A Californian woman who recently called the reptile rescue team about snakes under her home learned that more than 90 rattlesnake nests had set up camps there.
Sonoma County Reptile Rescue shared a photo of an intertwined mass of rattlesnakes of all sizes earlier this month.
“Last week I got a call from a woman who had a snake under her house,” rescue director Alan Wolff wrote in a Facebook post... “After 3 hours and 45 minutes, this is what I came up with, 59 babies and 22 adults.”

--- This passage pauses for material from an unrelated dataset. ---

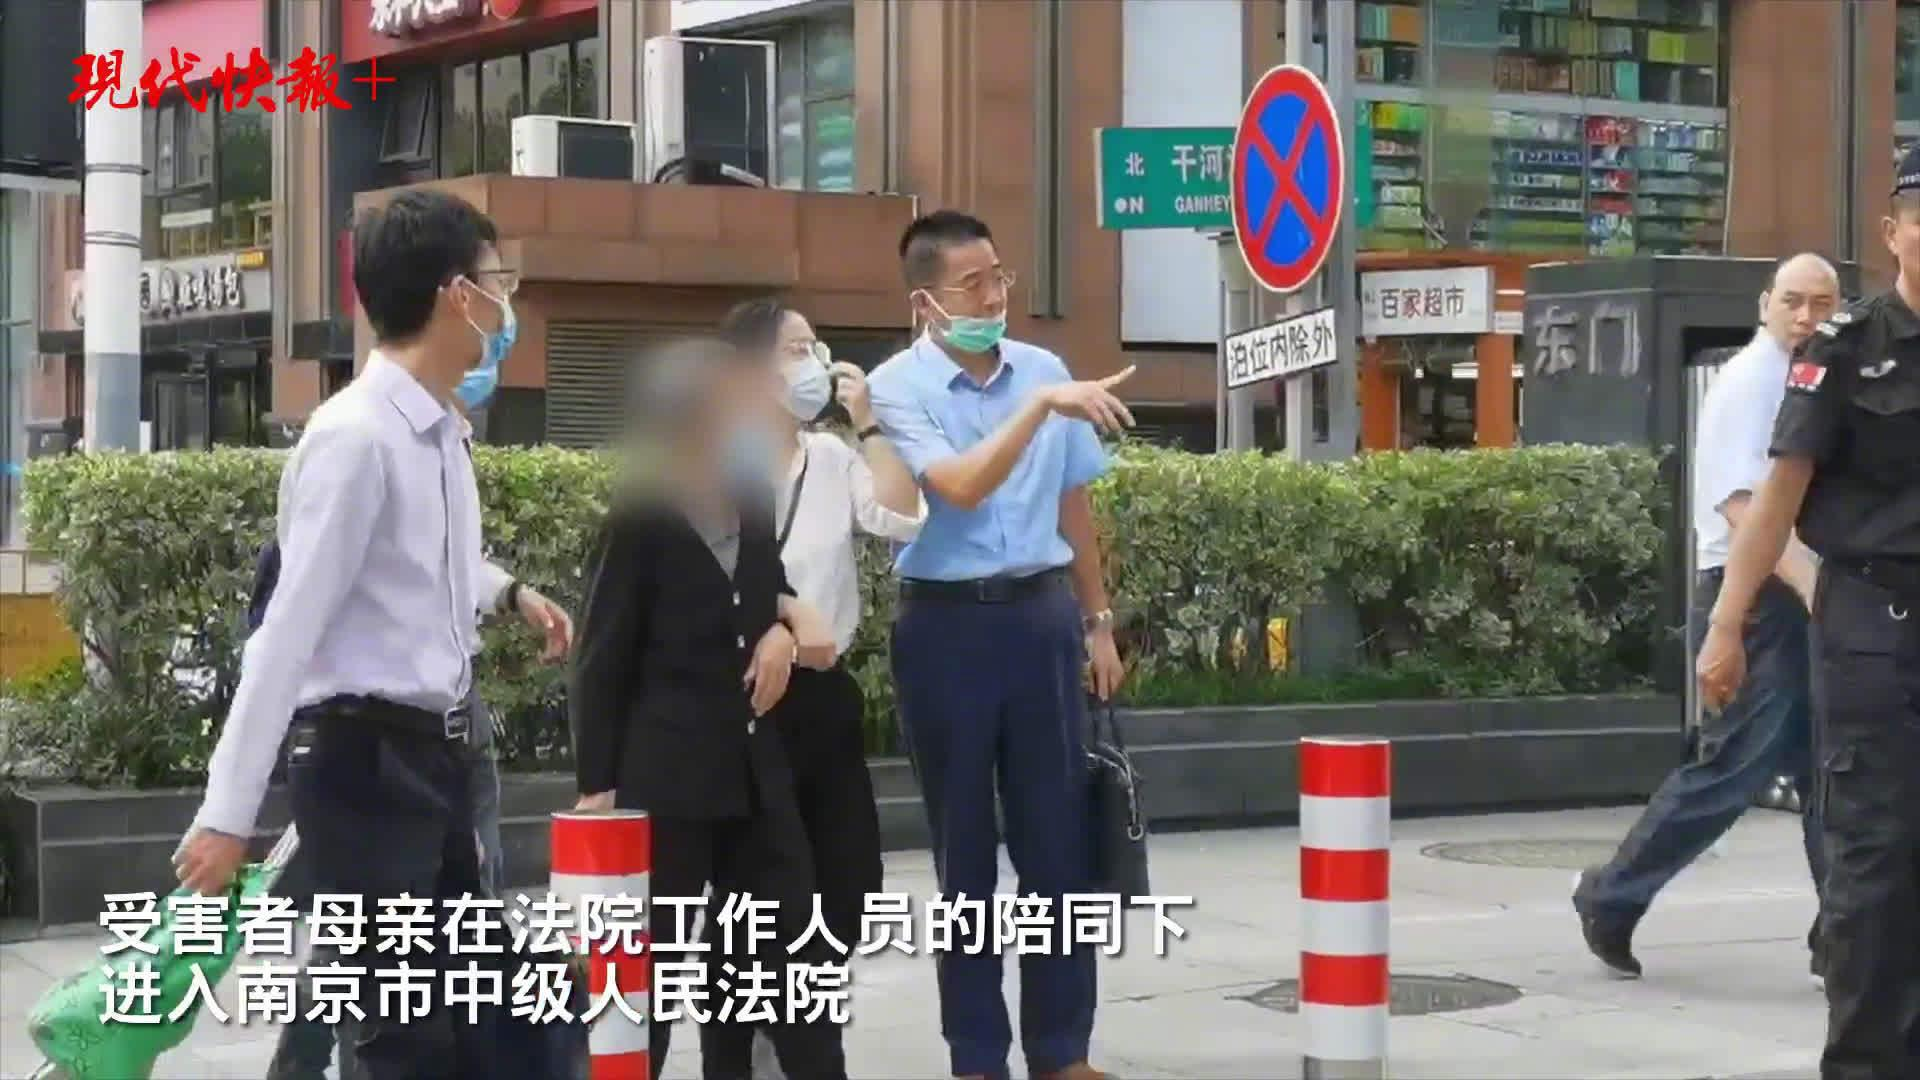 """""""南医大女生被杀案""""今天开庭 受害者母亲出席庭审"""

Wolff said he had returned twice afterwards and recovered seven more snakes, but because the base of the house was built around rocks and the snakes “can come and go as they please”. I suspected that there were many snakes.
He did not reveal the name of the woman in Sonoma County or the exact location of her home.
The wolf said the snake was a rattlesnake in the North Pacific. Burke Museum of Natural History in Seattle, Give birth between August and October at the young age of 4-21. According to the museum, many women often gather in one den to give birth.
Snakes use deadly poisons on their prey to kill and eat small mammals, amphibians, reptiles and birds. Rattlesnakes usually bite humans only when they are threatened or self-defense. If bitten Humans should seek medical care immediatelyIncludes treatment with antitoxins.